Directions:
Starting with the line that contains "PERNAU 8.VII. 1941" and stopping after the line that contains "Annett's Sims 4", return each line below exactly as written, with no others.

Data to examine:
- Opening Delimiter -

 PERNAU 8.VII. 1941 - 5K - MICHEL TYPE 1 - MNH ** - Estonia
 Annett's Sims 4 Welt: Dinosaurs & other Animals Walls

- Closing Delimiter -
- Opening Delimiter -

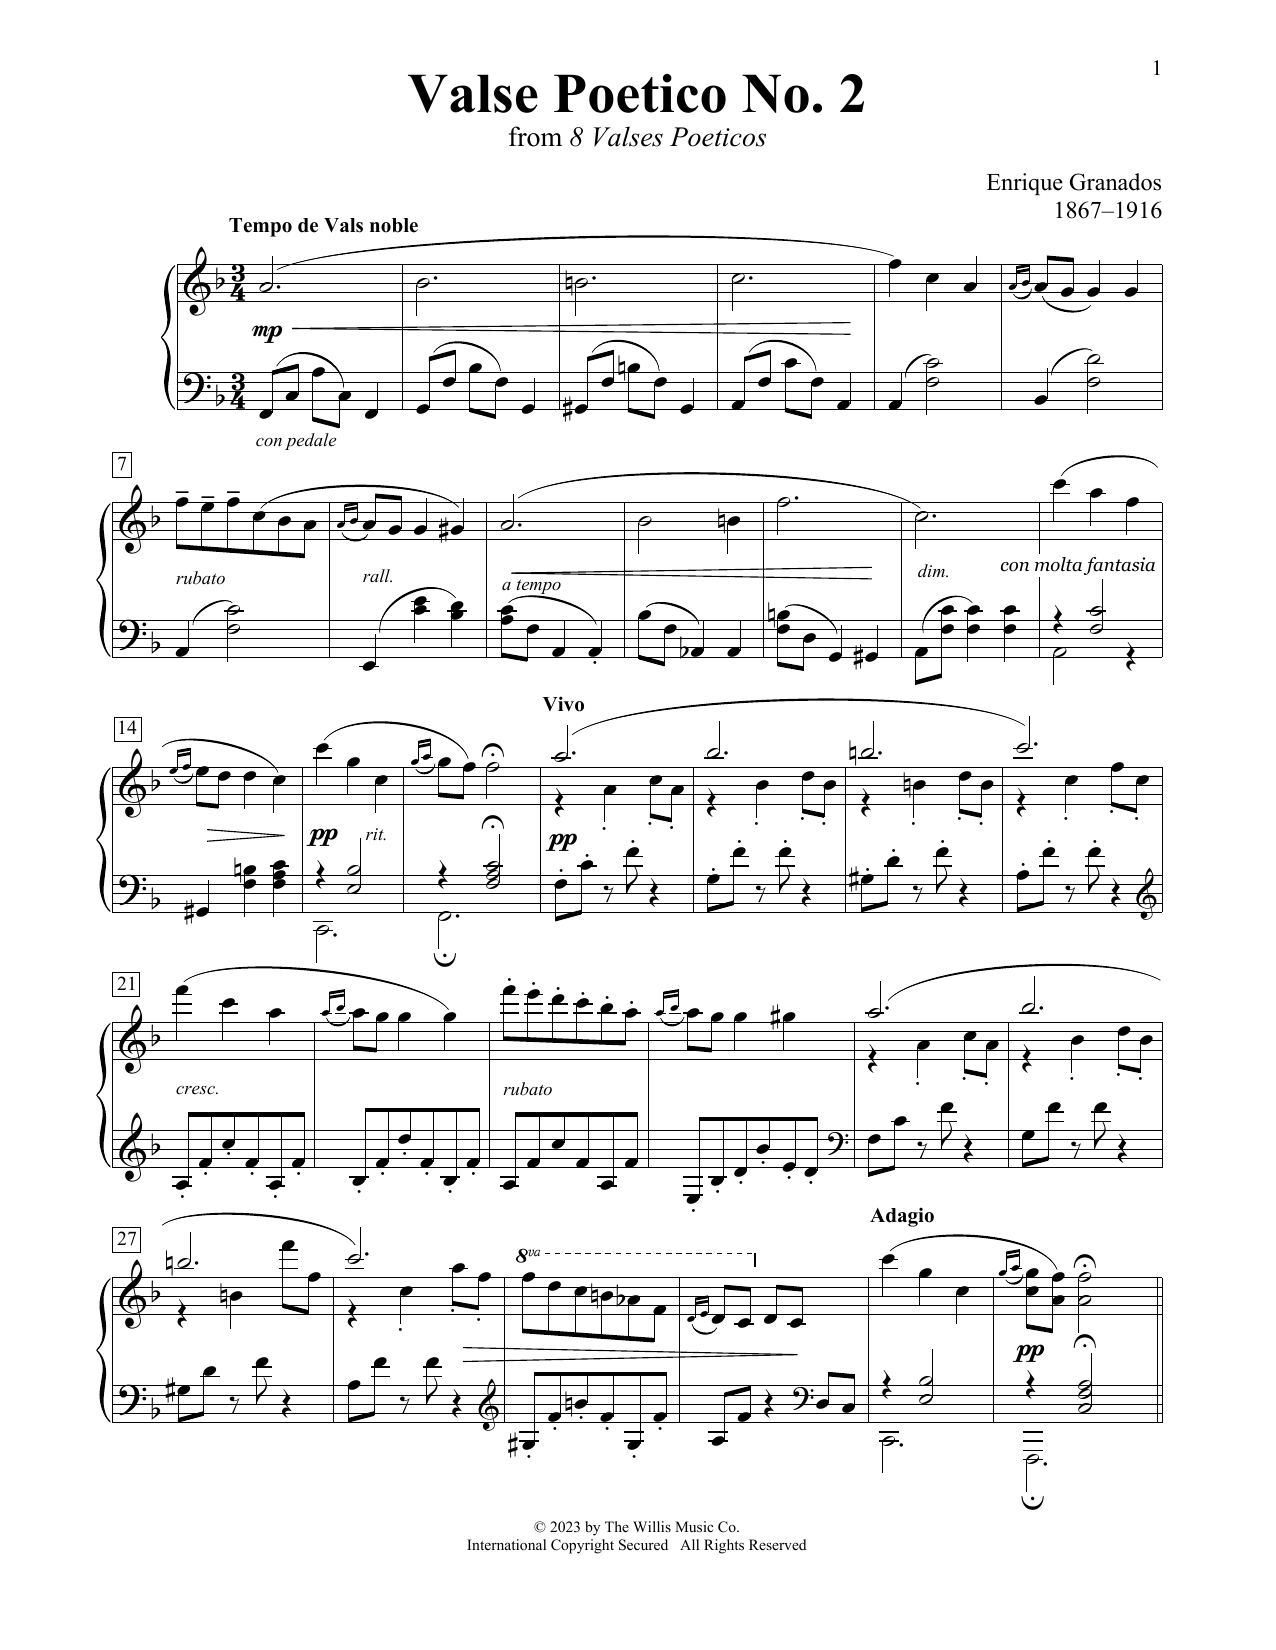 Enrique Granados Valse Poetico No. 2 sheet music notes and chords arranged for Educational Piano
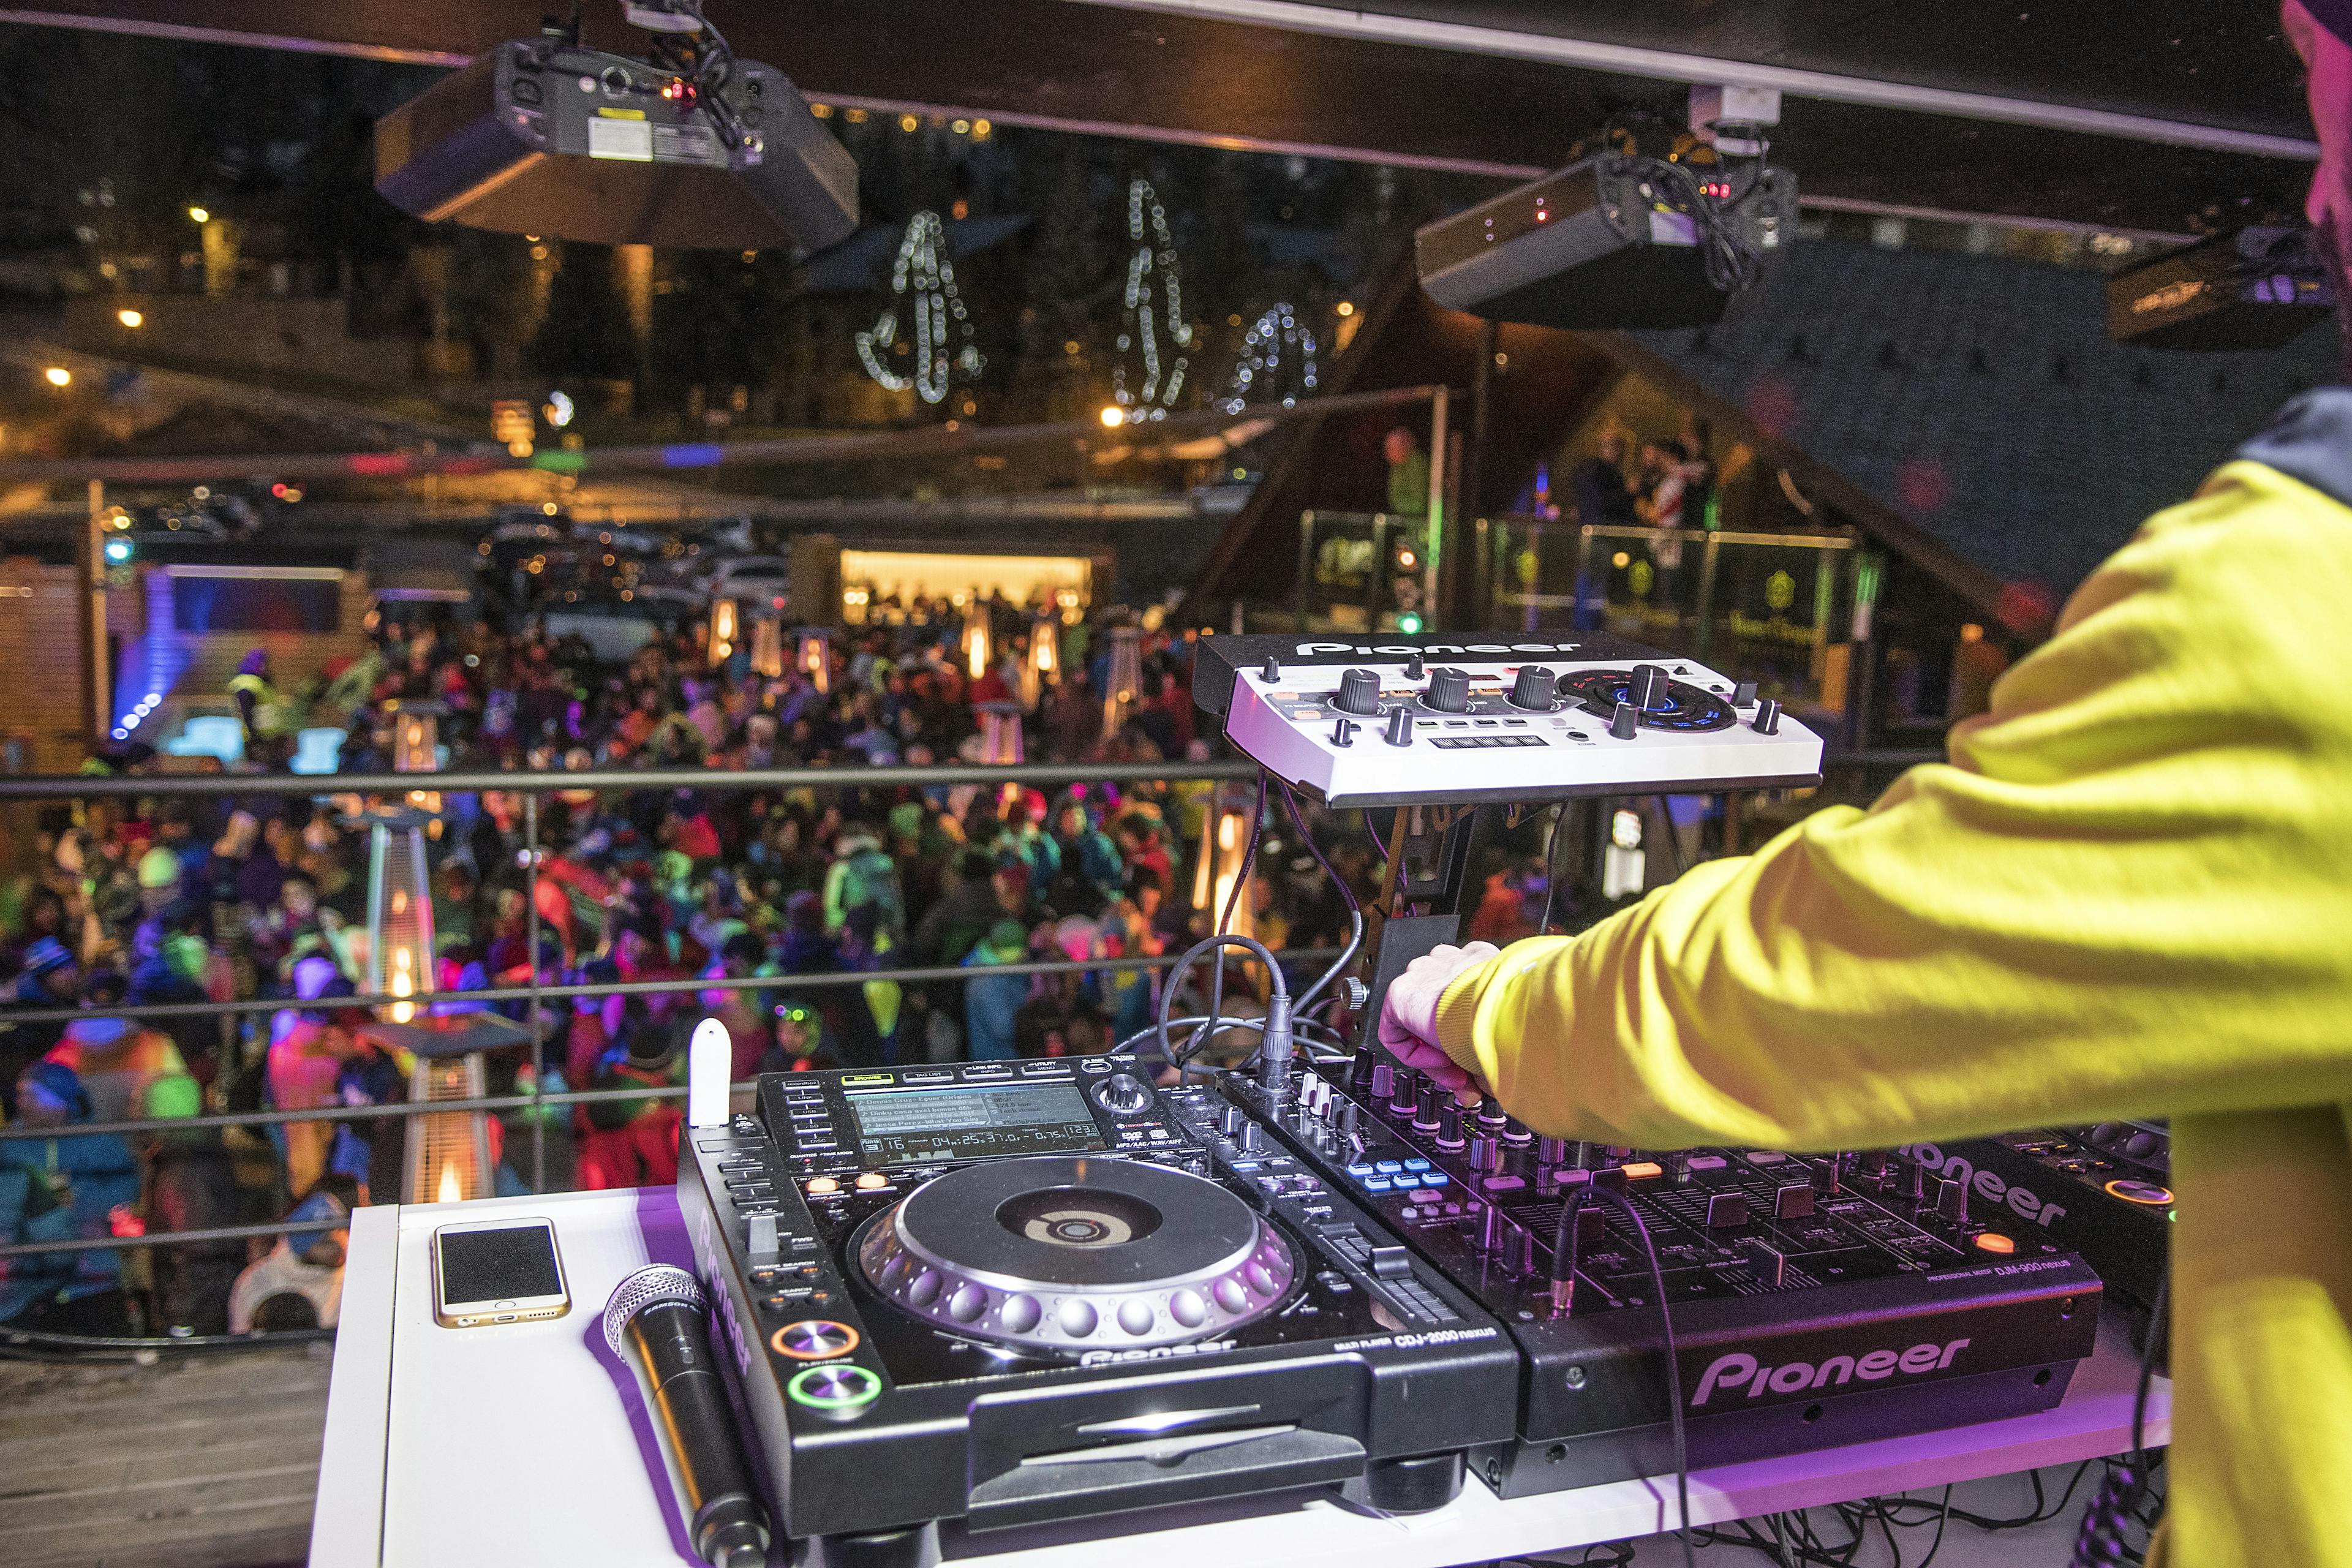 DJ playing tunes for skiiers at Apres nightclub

- Closing Delimiter -

Written solution:
 PERNAU 8.VII. 1941 - 5K - MICHEL TYPE 1 - MNH ** - Estonia
 Annett's Sims 4 Welt: Dinosaurs & other Animals Walls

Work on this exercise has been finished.